◆ **Exercise brief**:
The result should be the listing below, restated exactly, with its pictures left out.

Start of Data section

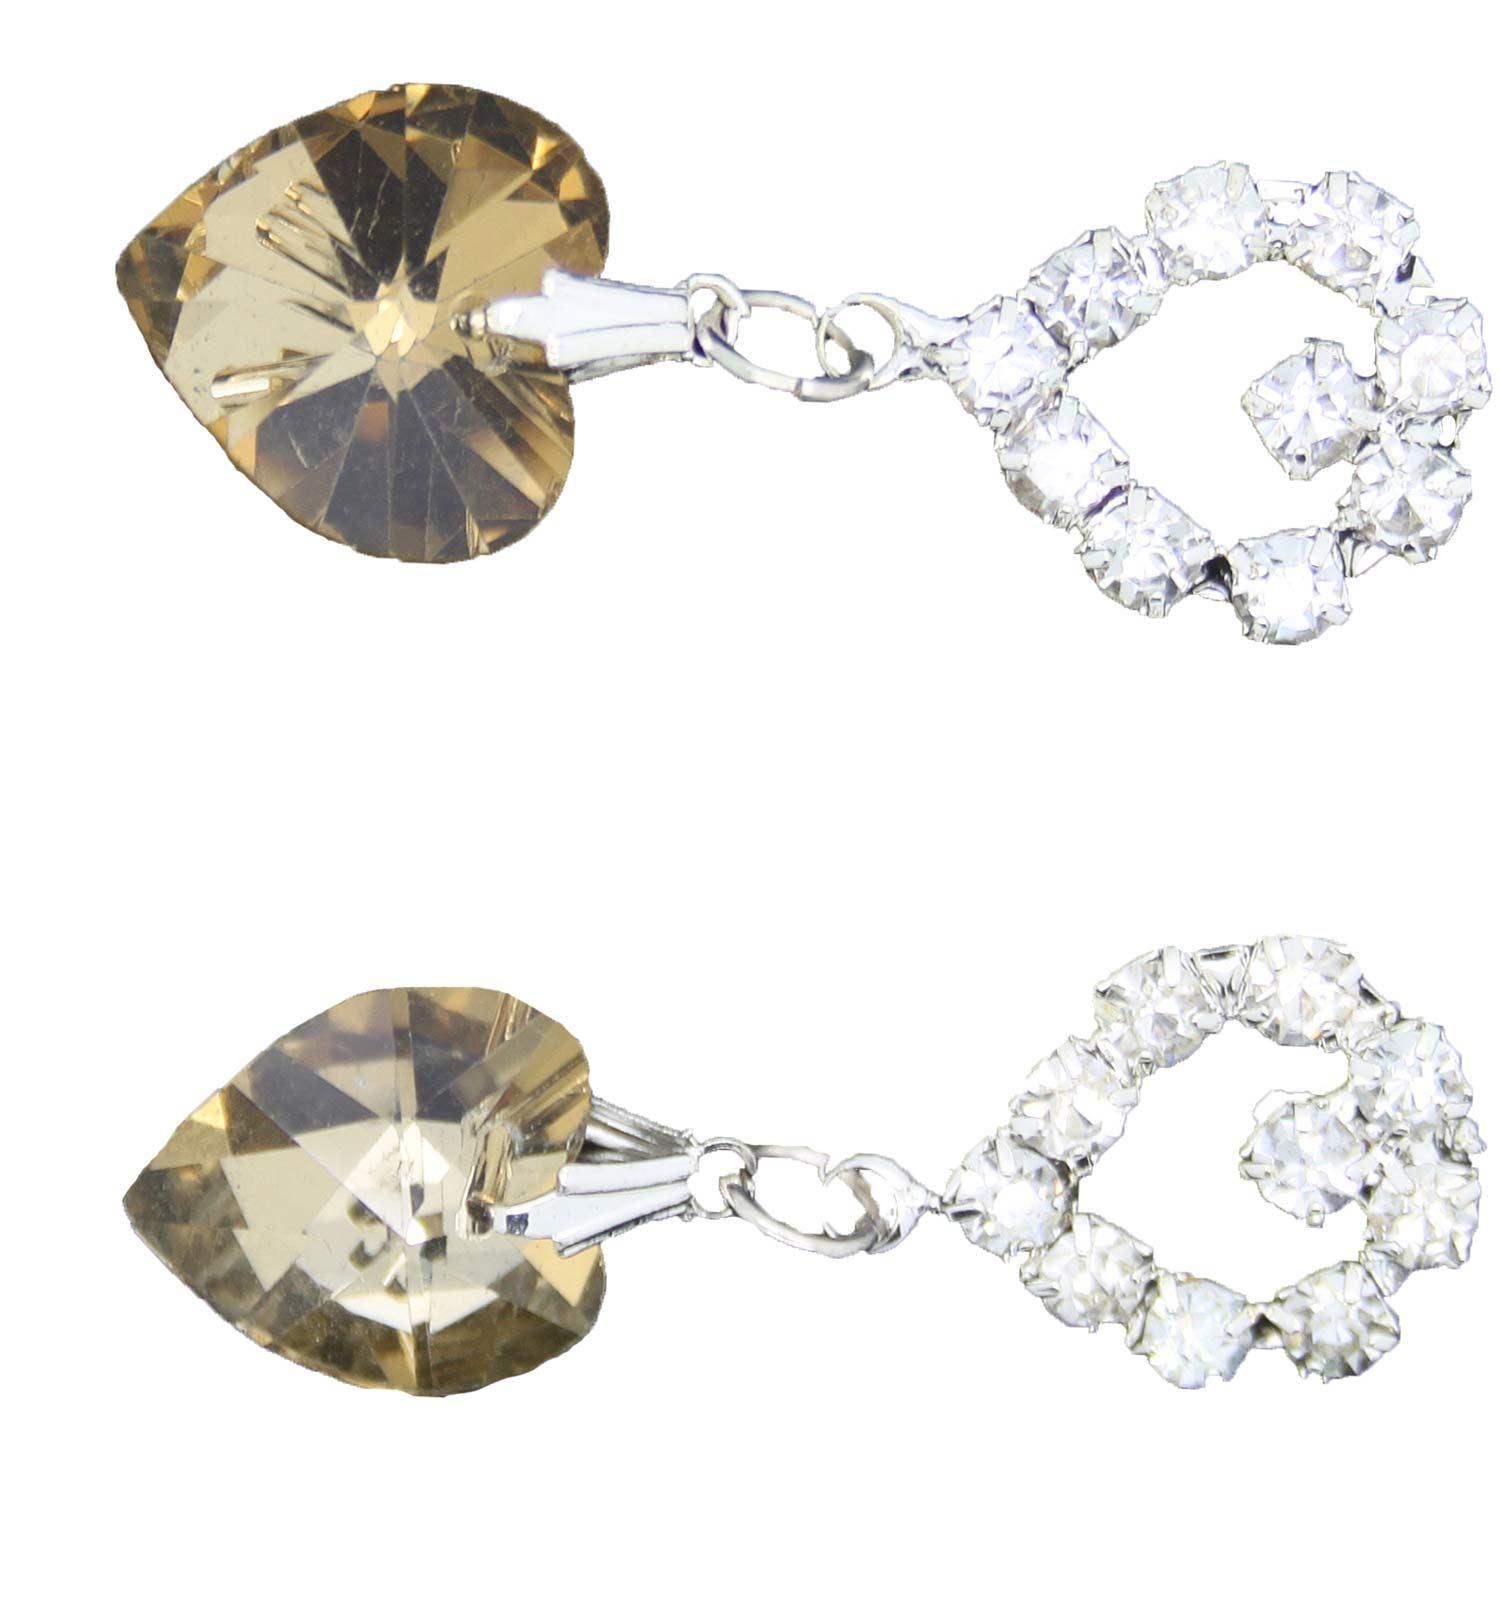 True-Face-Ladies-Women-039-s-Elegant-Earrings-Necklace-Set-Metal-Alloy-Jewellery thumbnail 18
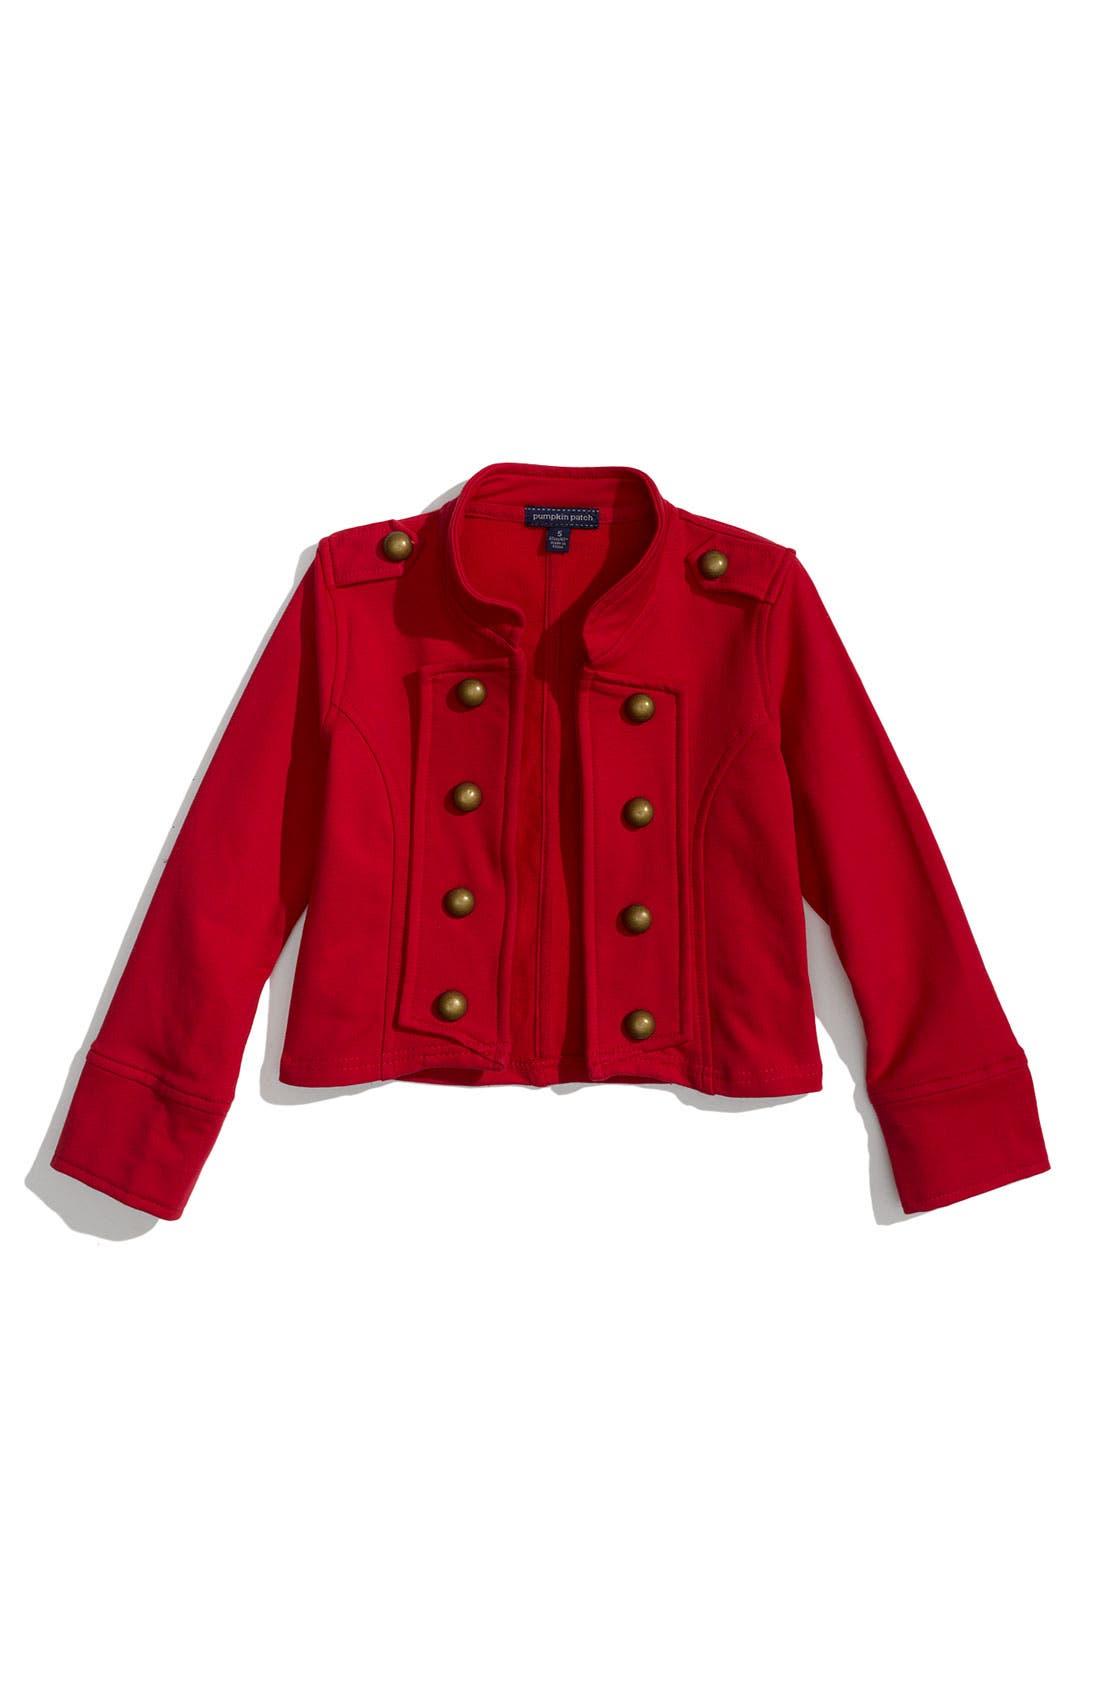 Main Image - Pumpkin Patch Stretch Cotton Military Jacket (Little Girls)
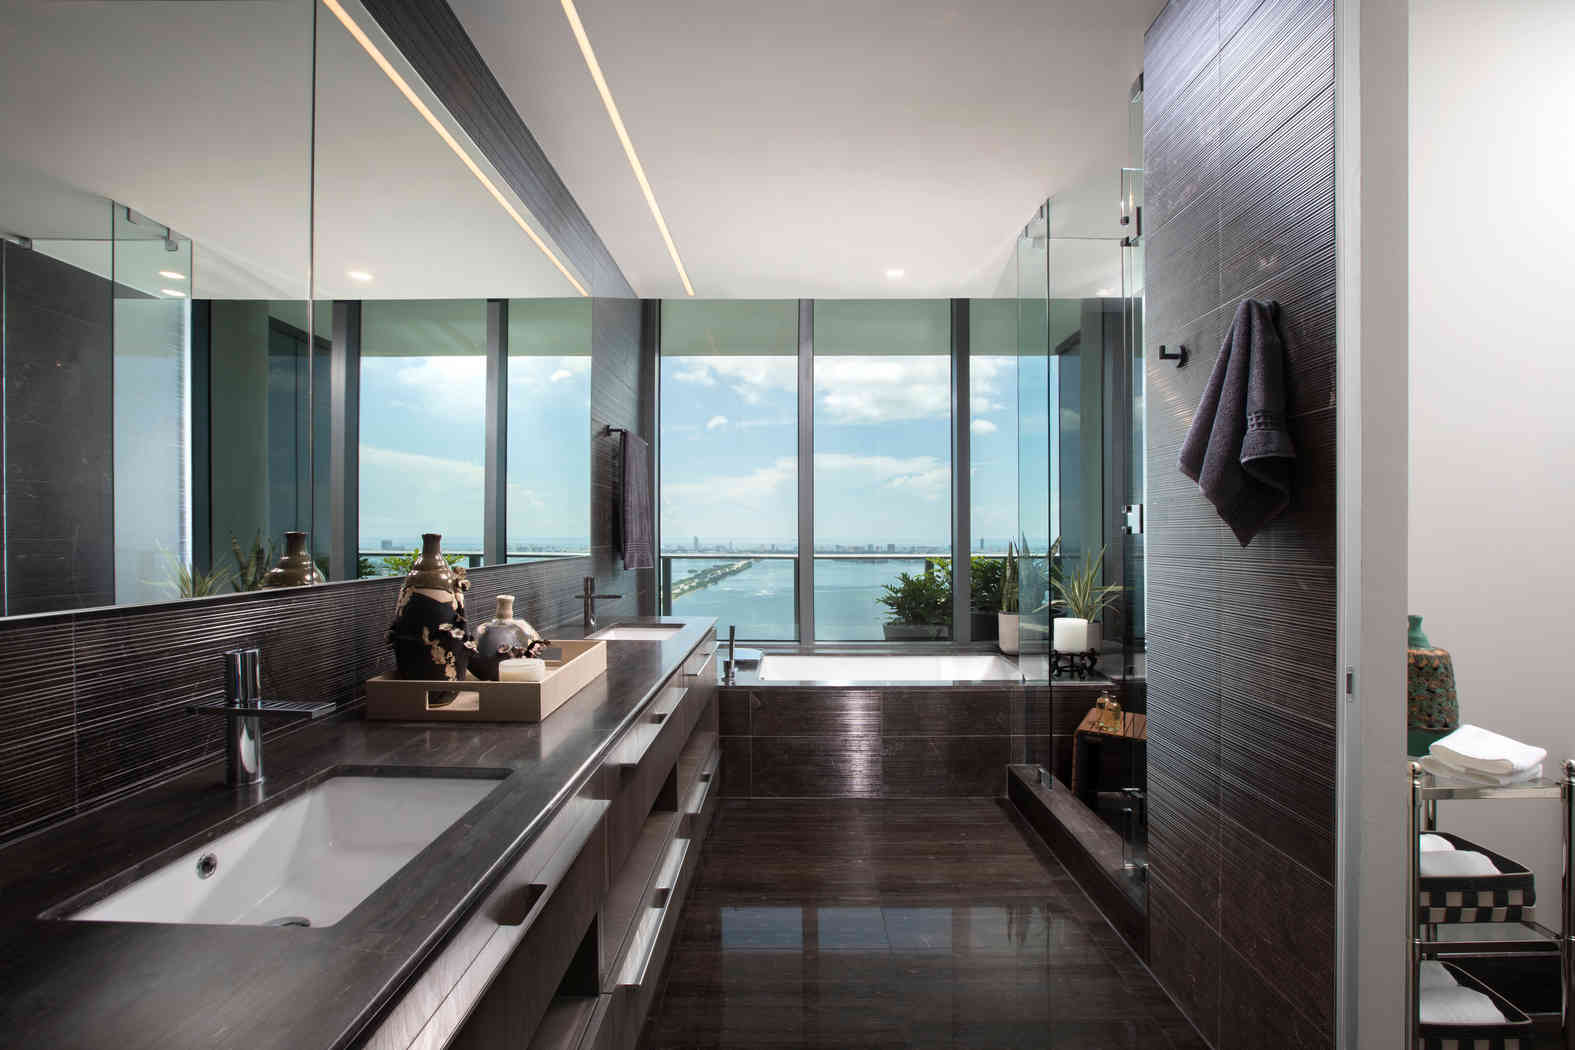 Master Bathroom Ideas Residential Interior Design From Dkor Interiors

End of Data section

◆ **Written solution**:
 True-Face-Ladies-Women-039-s-Elegant-Earrings-Necklace-Set-Metal-Alloy-Jewellery thumbnail 18
 Main Image - Pumpkin Patch Stretch Cotton Military Jacket (Little Girls)
 Master Bathroom Ideas Residential Interior Design From Dkor Interiors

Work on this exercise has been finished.